All real science, publications, and amazing work done on the expedition (not done by me) can be found here and on Brian Glazer’s website I was only fortunate enough to have the chance to see the data and make a project of it.
The hostile environment of an active submarine volcano being a candidate suitable for life to exist is shocking. Also quite humbling. The University of Hawaii does a tremendous amount of research at the Loihi Seamount near the Big Island, I was lucky enough to get a dataset of ~30,000 images from an expedition thanks to Dr. Brian Glazer. Given the size of the dataset and the nature of the expedition, most of the images are either a ‘blank’ seafloor (see pic below) or a select few of interest that have Fe-oxidizing microbial (FeM) colonies. The task of a classifier would be to sift the large dataset for only the ones that have interesting surface features and FeM.
The Dataset:
The first dataset I gathered was relatively straightforward. It was a manner of “Colony present” or “None”. An example of the two classes are below with 100 images each..
Model Architecture v1:
The first model was straightforward, three convolutional layers with a final fully connected layer on top.

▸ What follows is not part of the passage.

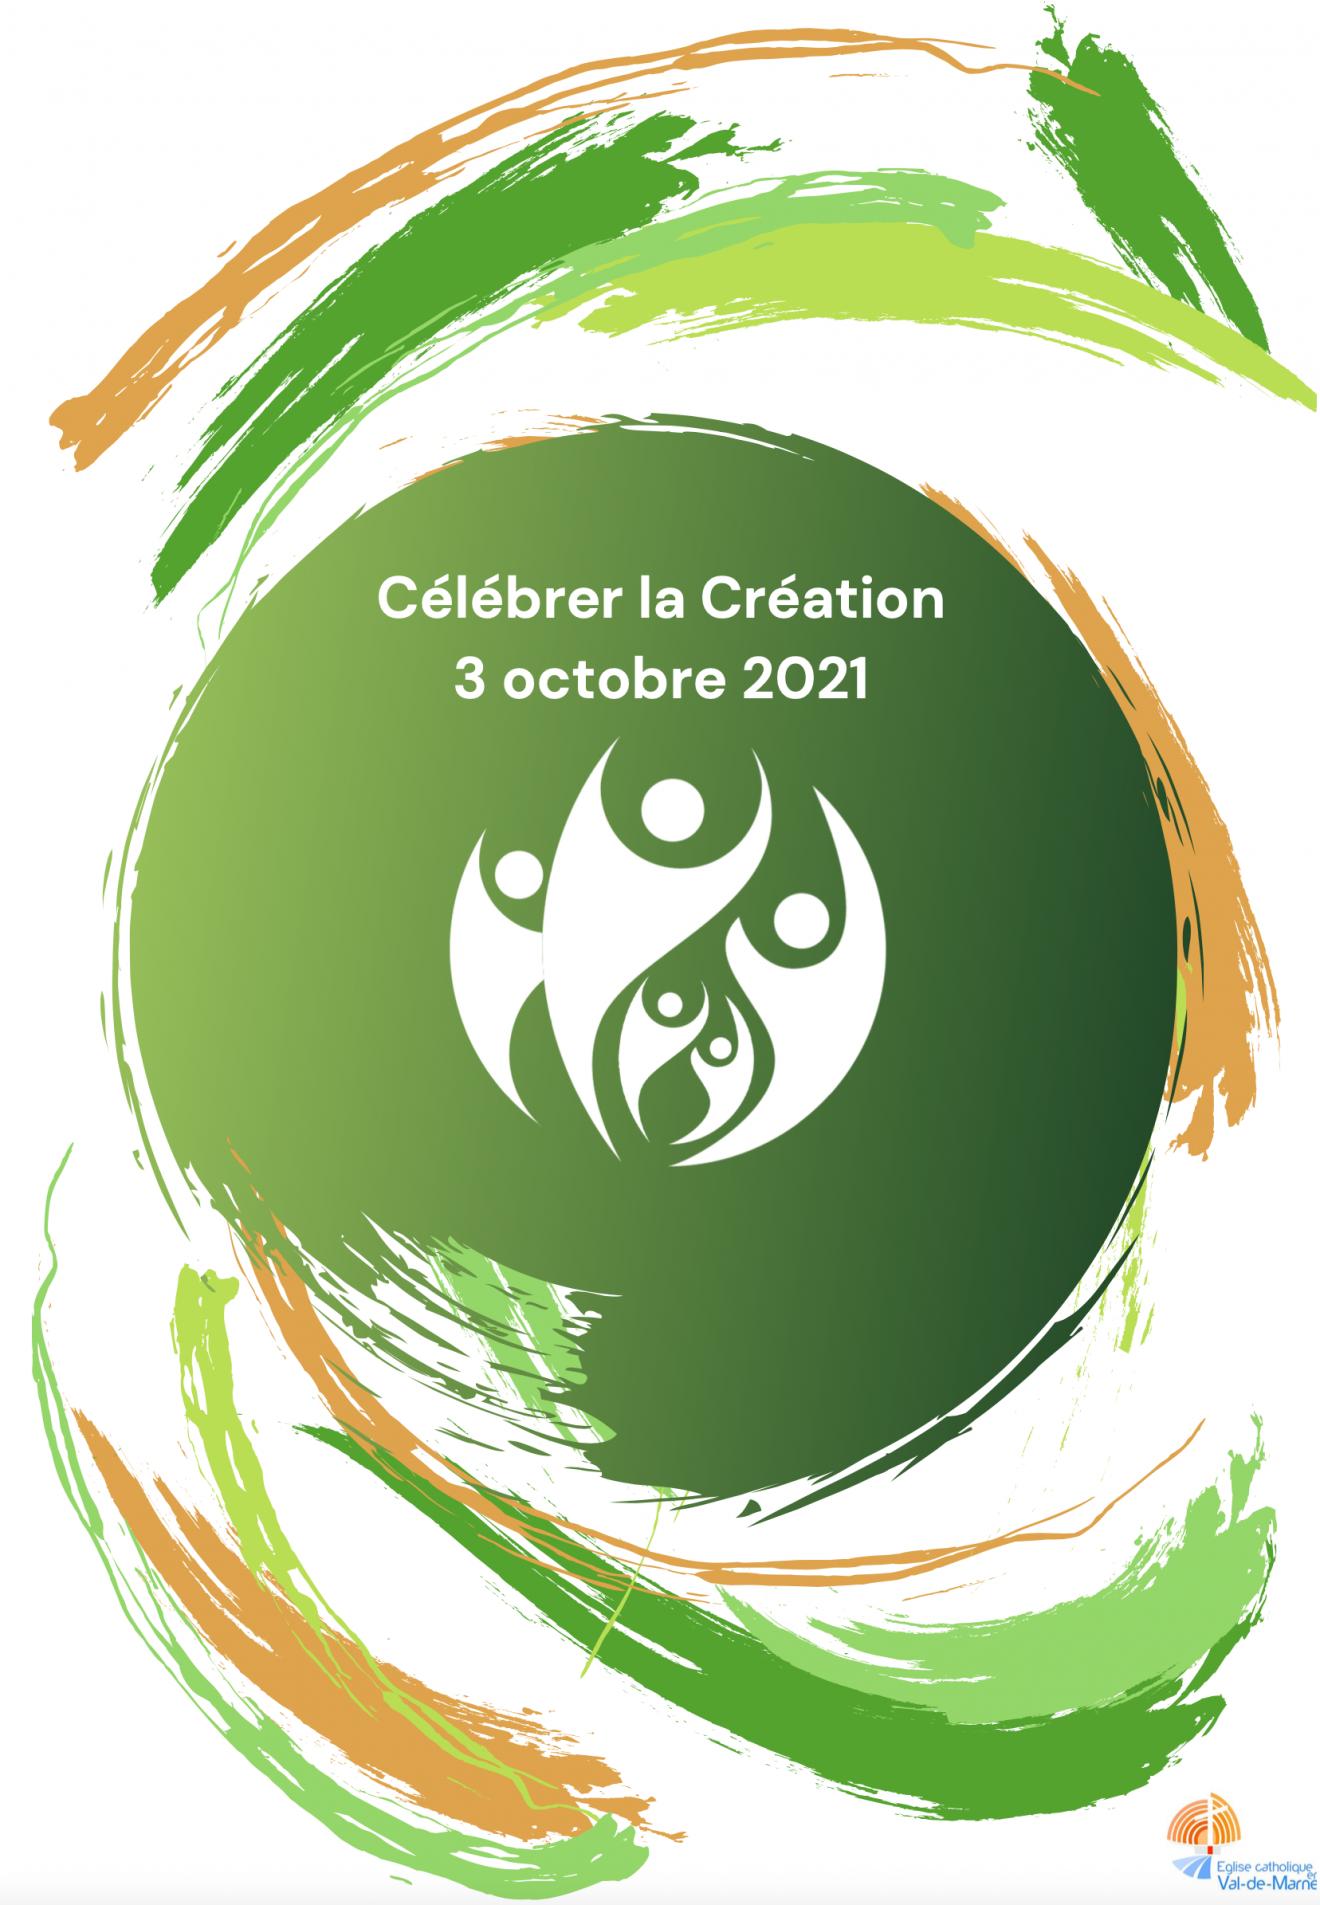 Célébrer la création le dimanche 3 octobre : un kit liturgique pour fêter la beauté de la création
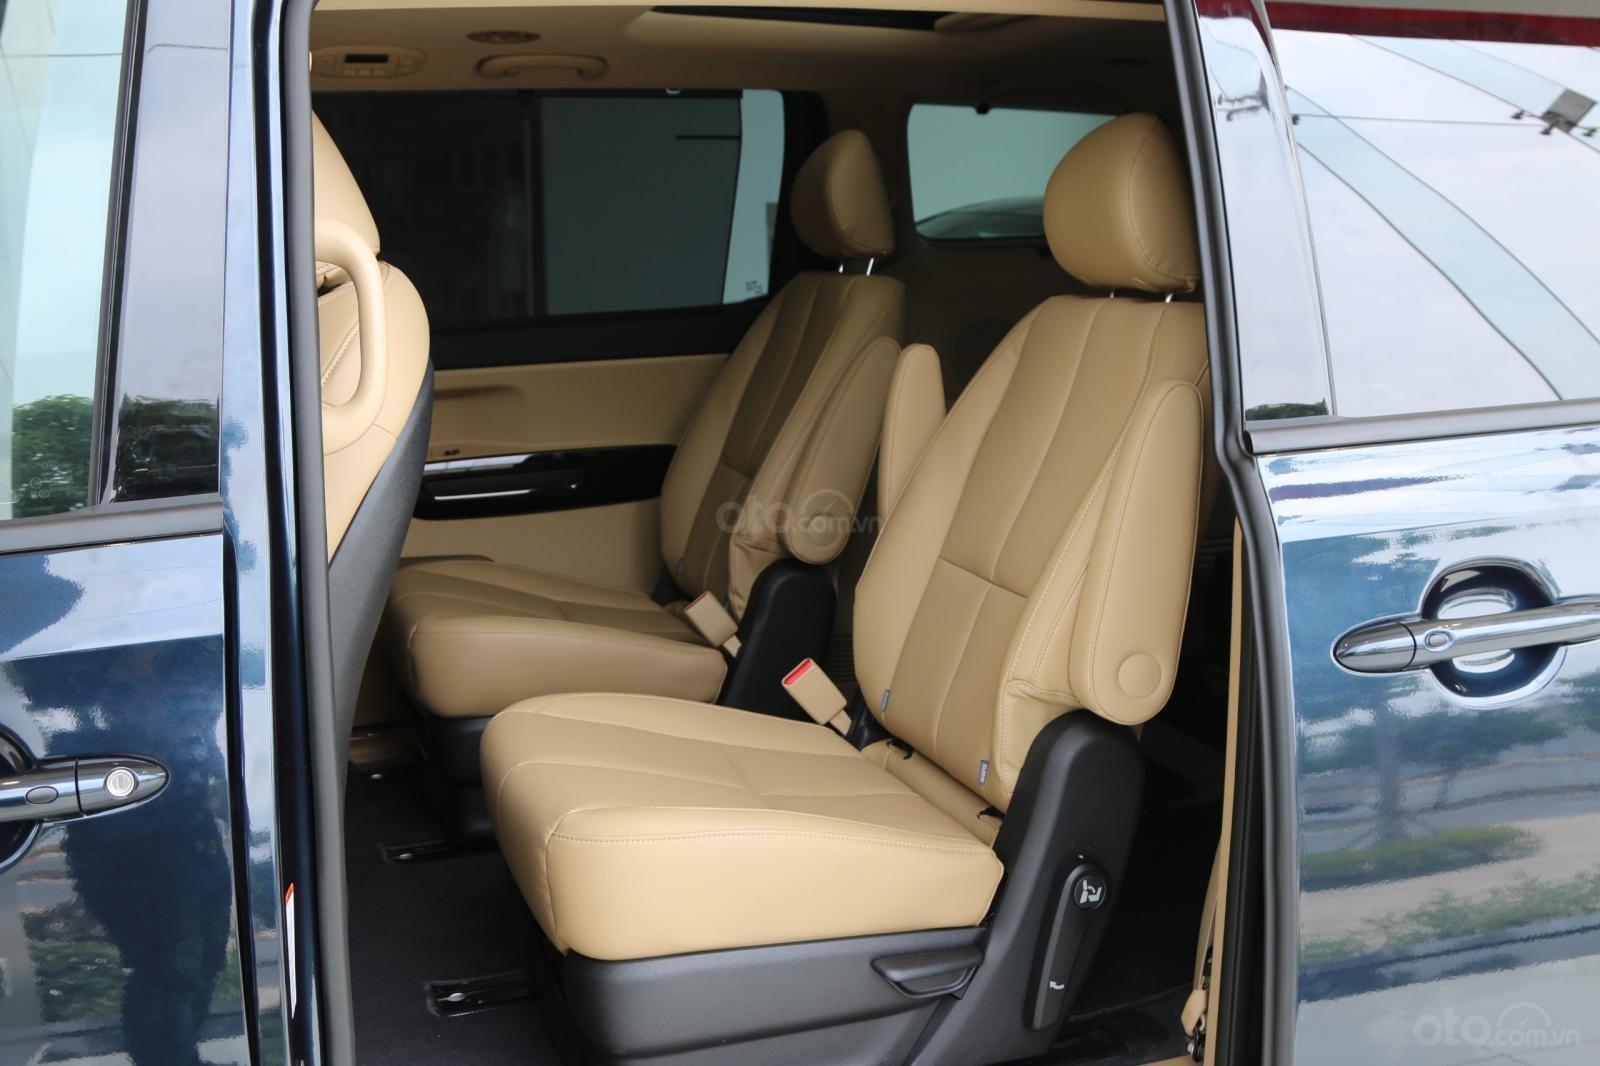 Kia Sedona - giảm giá tiền mặt / tặng bảo hiểm + camera hành trình - liên hệ PKD Kia Bình Tân 093 317 0660 (5)

Starting simple gave a good chance to understand the initial sense of workflow & what deep-sea features would be of interest. Perhaps what is really necessary is a way to discard the thousands of images that contain nothing but dark ocean depths. Nevertheless the first model performed as expected from the tensorboard visualizations. The model was overfit but it was still able to classify some random inputs with ~80% accuracy. It could be the lack of data provided or the nature of the data having a close similarity to each other.
Improving our Model:
To avoid the guessing game and improve the accuracy of the model, I want to try a different approach. This time the dataset will be constructed with “Surface features present” or “blank”, unlike the previous model which attempted to differentiate the images which also included FeM. My hypothesis is that a simple model could be trained to recognize the surface features of the sea floor, then acting as the bottom layers for a new network. Another model could then use these weights, while using the top layers to determine FeM presence.